China will make the yuan more flexible in either direction and recent reforms to make the currency more market-oriented have begun to achieve some results, Premier Wen Jiabao said on Saturday.
The comments probably do not signal an imminent widening of the yuan's daily trading band, but they underscore Beijing's intention to introduce two-way fluctuations in the yuan to dampen expectations that China's currency could only appreciate.
Pointing to recent bets in overseas markets that had caused the yuan to hit the bottom end of its trading band a number of times, Wen said such fall in the yuan could not have been engineered.

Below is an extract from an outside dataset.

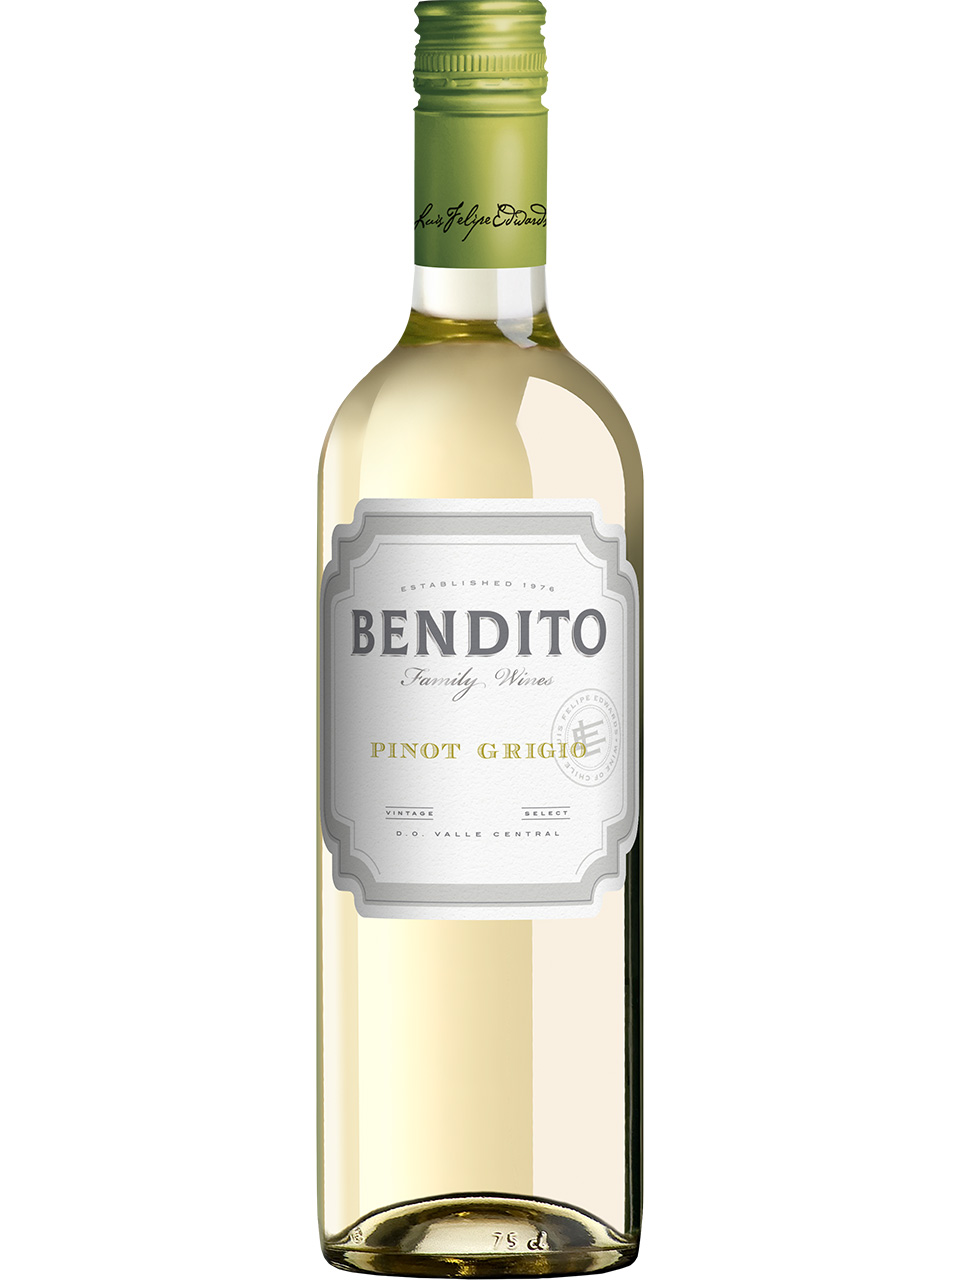 Bendito Classic Pinot Grigio
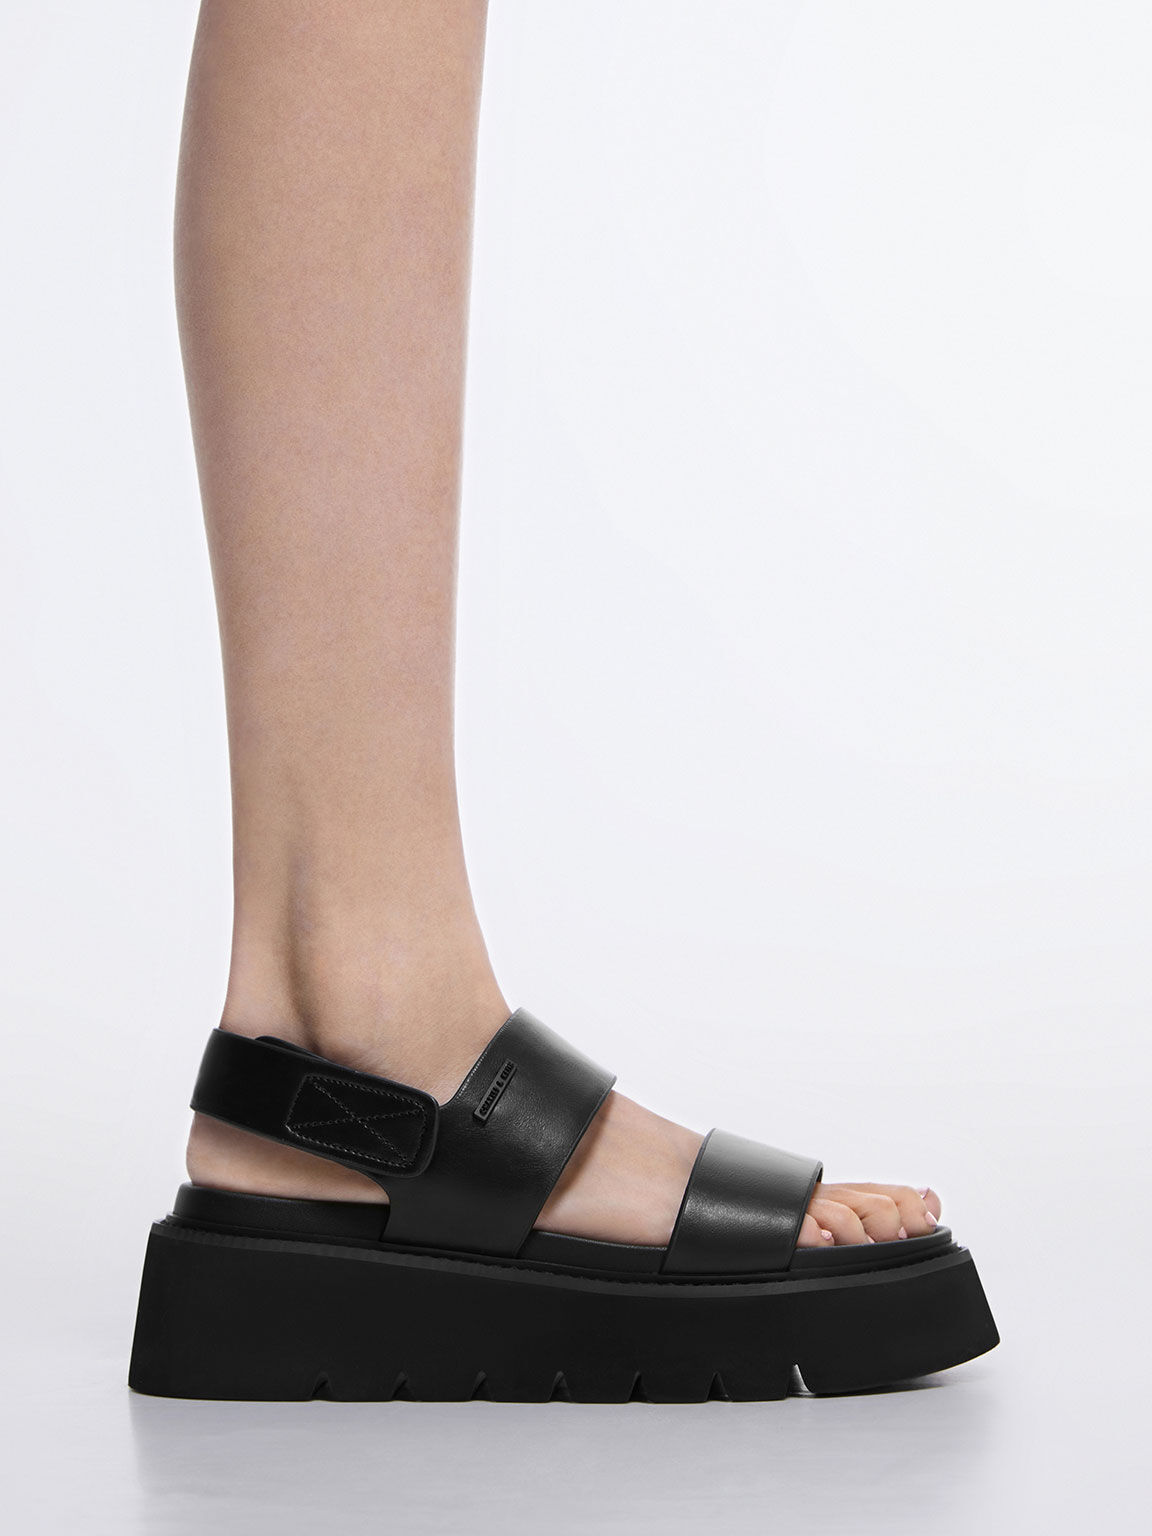 VKEKIEO Open Toe Cushionaire Sandals Women Low Heel Platform Black -  Walmart.com

China will continue to closely monitor the yuan's trading movements ... and will strengthen yuan's trading flexibility in either direction, the premier was quoted as saying in an evening news bulletin on state broadcaster CCTV.
Wen also told U.S. President Barack Obama that the trade imbalance between the two countries was a structural issue and that maintaining the healthy development of bilateral trade was essential for both countries and the world, according to the broadcast.
Wen's comments on the yuan were in line with recent central bank moves to encourage the yuan's value to fluctuate more widely within the daily trading band. The People's Bank of China (PBOC) allows the yuan to rise or fall 0.5 percent from its daily mid-point.
Some analysts and traders have argued that the central bank has been laying the groundwork for a widening of the trading band, which would allow China to say in the face of renewed U.S. pressure over the yuan that it is indeed moving ahead with reform to loosen its grip on the currency.
But other analysts believe that China will opt to widen the trading band only when upward pressures on the currency ease in line with a narrower trade surplus and lower capital inflows -- in other words, no time soon.
China's yuan currency -- also known as the renminbi -- has gained about 40 percent in real effective exchange terms since Beijing abandoned its peg to the U.S. dollar in 2005.
Chinese leaders have repeatedly rejected calls from the United States and other rich countries to allow faster yuan appreciation.
Analysts said China appears to have quietly adjusted its currency policy in response to the deepening euro zone debt crisis, slowing the yuan's steady appreciation while trying to nip speculation of yuan depreciation.
The balancing act comes as inflationary pressures come off the boil and economic growth slows in the world's second-largest economy, giving Beijing more room to fine-tune policy.
White House officials said earlier in the day that Obama reiterated currency concerns to Wen during the meeting, which was held on the sidelines of a regional summit in Indonesia.